For a while now, I’ve seen the term MVVM being used in the iOS world. At first I dismissed it since it wasn’t really popular and it reminded me of C# world, which I tend to dislike. But then it started to get a bit more popular so I took a very brief glance at it and didn’t quite get the point.

What I saw was that people were combining it with ReactiveCocoa and/or treating ViewModels as dumb objects holding transformed data from a Model, for a View to consume. I ignored the ReactiveCocoa part since I wasn’t familiar with it (still know just a bit about it).

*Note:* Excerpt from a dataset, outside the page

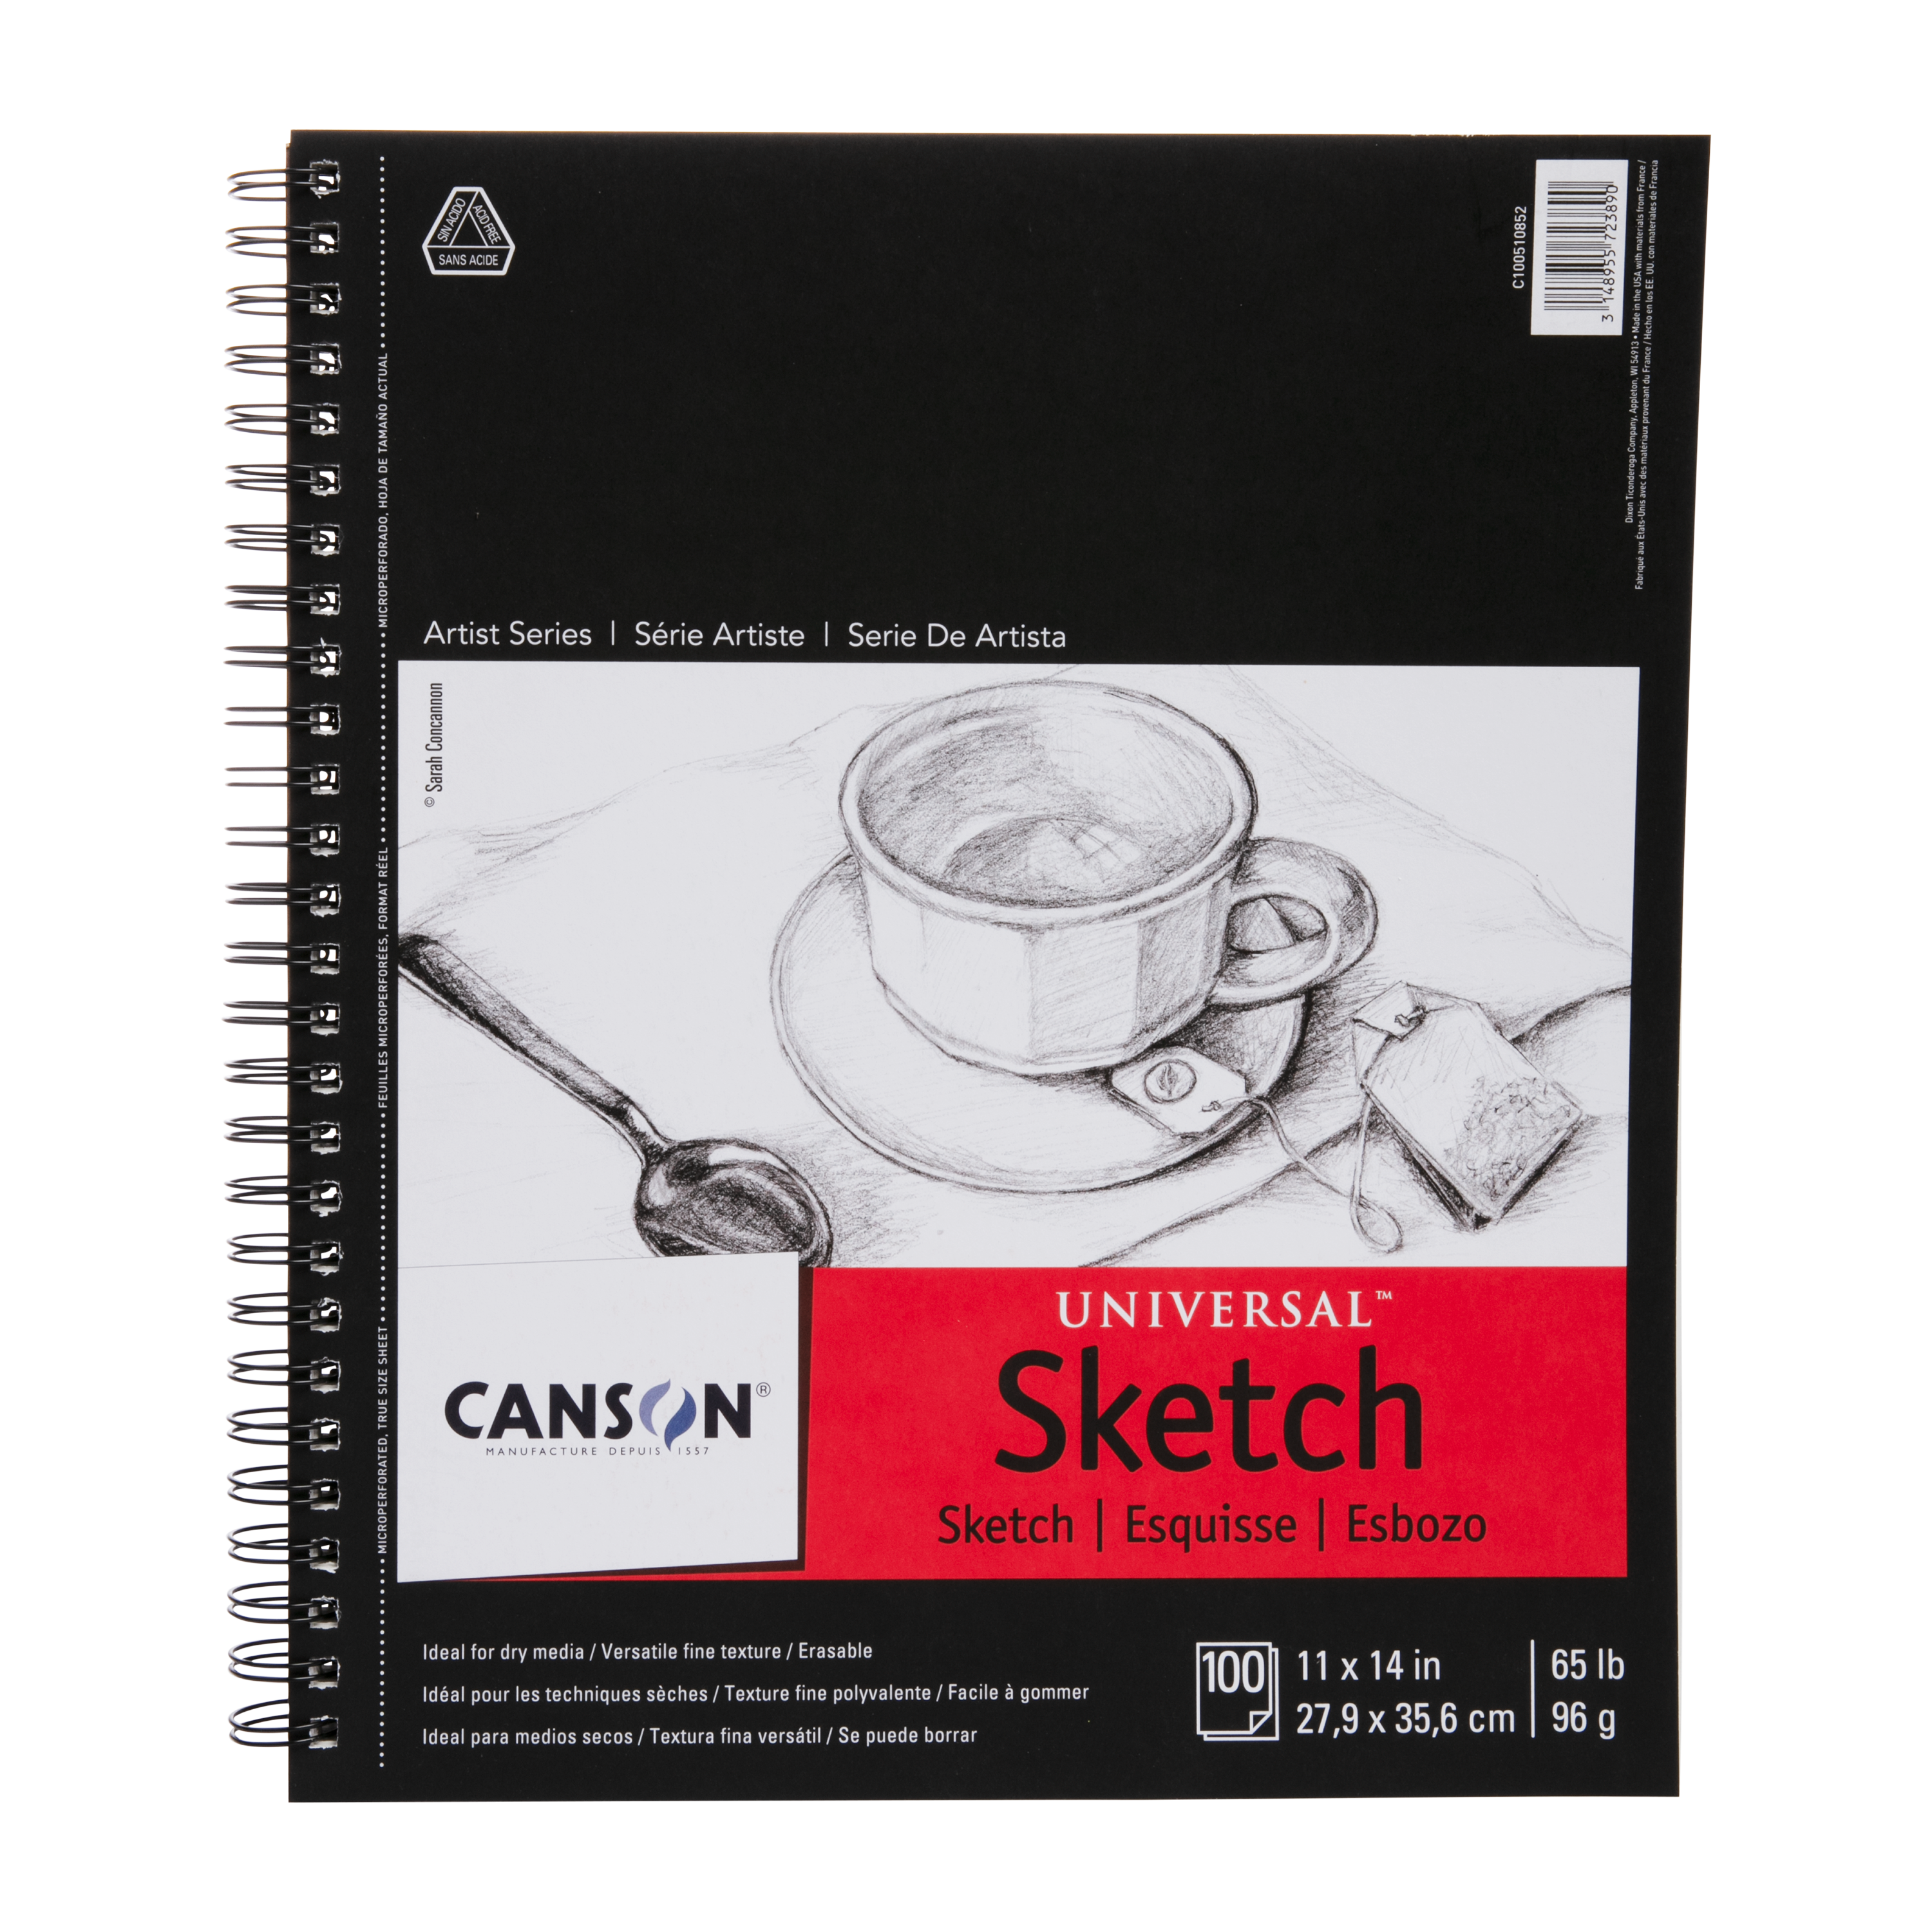 https://www.shopriot.shop/wp-content/uploads/1689/02/there-is-a-large-variety-of-canson-universal-spiral-sketch-book-11x14-100-sheets-956-that-are-available_0.png

So based on my observation, it lead me to think: “Why are people bragging about it? They’re just adding a new layer to further separate concerns. Big deal.”.

However, a few days ago I was listening to Build Phase and MVVM was brought up again. I can’t remember what exactly was said, but it triggered the need to reasearch this again and see what was the big deal about it. And so I did.

Warnings

Before proceding, here’s a few warnings:

  • I am not in favor or against MVVM. I really have no opinion on the pattern itself.
  • I have no experience using MVVM.
  • I have close to no experince with .NET platforms.
  • I only spent a couple of days researching this.

The Investigation

With that said, I think we need to start with listing how develpers pitch a given pattern on a given platform/context.

iOS dev on MVC: reusability and separation of concerns.
.NET dev on MVVM: reusability and separation of concerns.
iOS dev on MMVM: avoidance of MassiveViewController through further separation of concerns.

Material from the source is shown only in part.